4.5. Polymerase Chain Reaction (PCR)
The cDNAs were synthesized from 2 μg of total RNA isolated from mpkCCDc14 cells or V2R-AQP2 cells, respectively, using the Prime Script cDNA Synthesis kit (6110A, Takara, Otsu, Shiga, Japan). For DNA amplification, 1 μL of cDNA and AccuPower PCR PreMix (K-2012, Bioneer, Seoul, Korea) were used, according to manufacturer’s instructions. The PCR reaction was performed at 95 ℃ for 3 min followed by 25 cycles at 95 ℃ for 30 s, 55 ℃ for 30 s, and 72 ℃ for 30 s. The primer sequences used for PCR were AQP2-F: CTGCCATCCTCCATGAGATT, AQP2-R: GGAGCAACCGGTGAAATAGA, V2R-F: ACAGCAGCCAGGAGGAACTA, and V2R-R: GCACTTGAAACAGAGCCACA.
4.6. Cell Counting Kit (CCK)-8 Assay
Cells were seeded into 96-well culture plates at a density of 5 × 104 cells per well.
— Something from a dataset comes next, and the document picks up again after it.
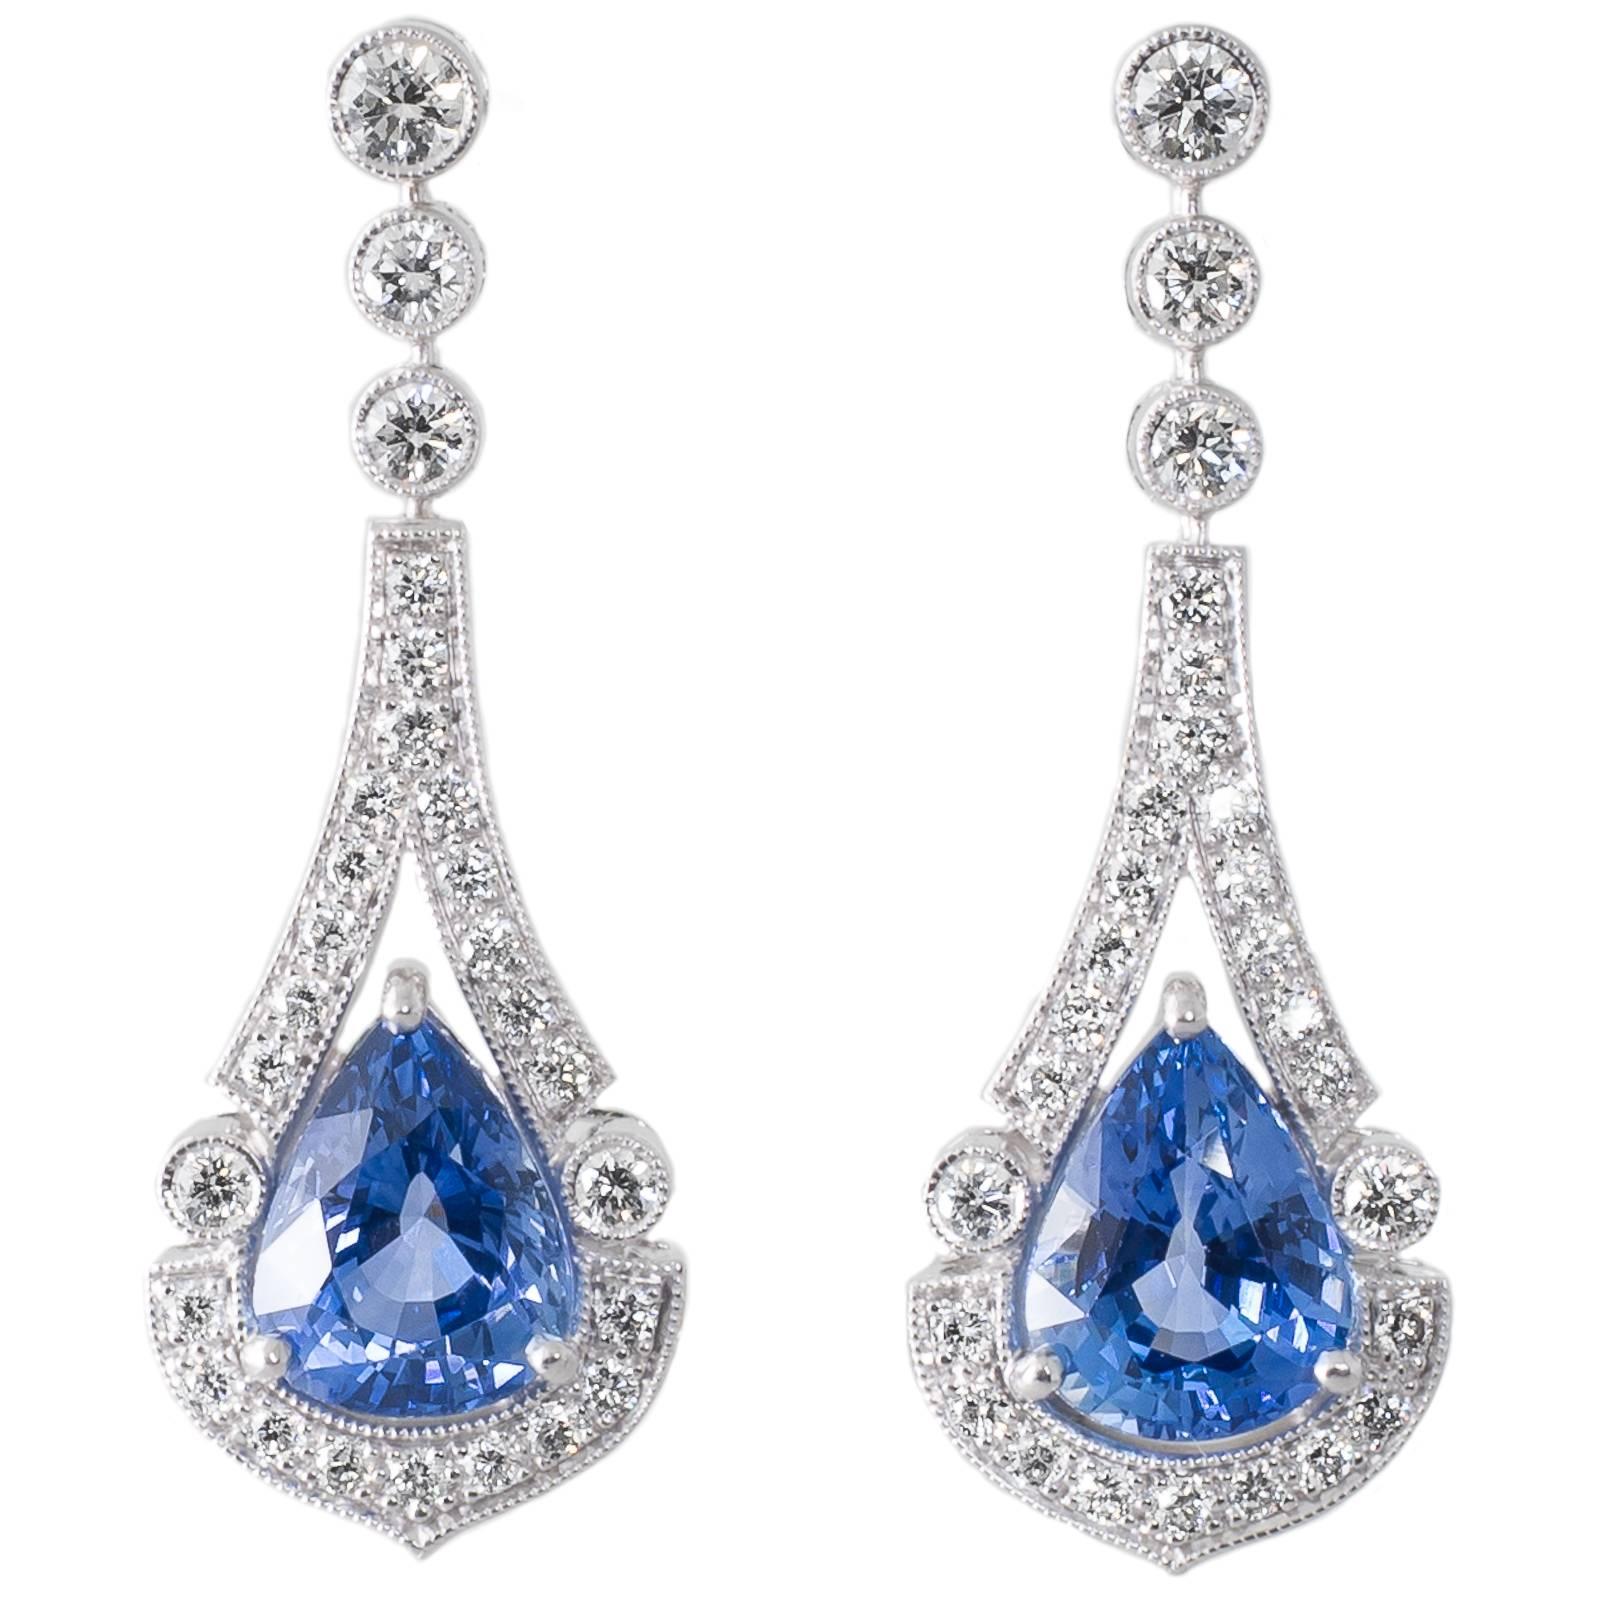 Sri Lankan Sapphire Diamond and White Gold Earrings

Following incubation for 24 h at 37 ℃, the CCK-8 assay was performed according to the manufacturer’s instructions. Briefly, 10 μL of CCK-8 solution (CK04, Dojindo Molecular Technologies, Inc., Rockville, MD, USA) was added to each well and the cells were incubated for 2 h at 37 ℃. The absorbance was measured at 450 nm wavelength using a microplate reader.
4.7. cAMP Assay
Cells were cultured in a 6-well Transwell system (0.4 μm pore size, Transwell Permeable Supports, 3450, Corning, NY, USA) for 5 days and starved for the next 24 h. All measurements were performed in the presence of 1 mM 3-isobutyl-1-methylxanthine (IBMX; I5879, Sigma, St. Louis, MO, USA) to inhibit cyclic nucleotide phosphodiesterase. After pretreatment of 1 mM IBMX for 15 min, vehicle or dDAVP (10−11 M or 10−10 M) was added to the basolateral side of the cells for 15 min in the presence of IBMX. Intracellular cAMP levels were measured using a competitive enzyme immunoassay (501040, Cayman Chemical, Ann Arbor, MI, USA) according to the manufacturer’s instructions. The results were presented in picomoles per milliliter of cell lysate.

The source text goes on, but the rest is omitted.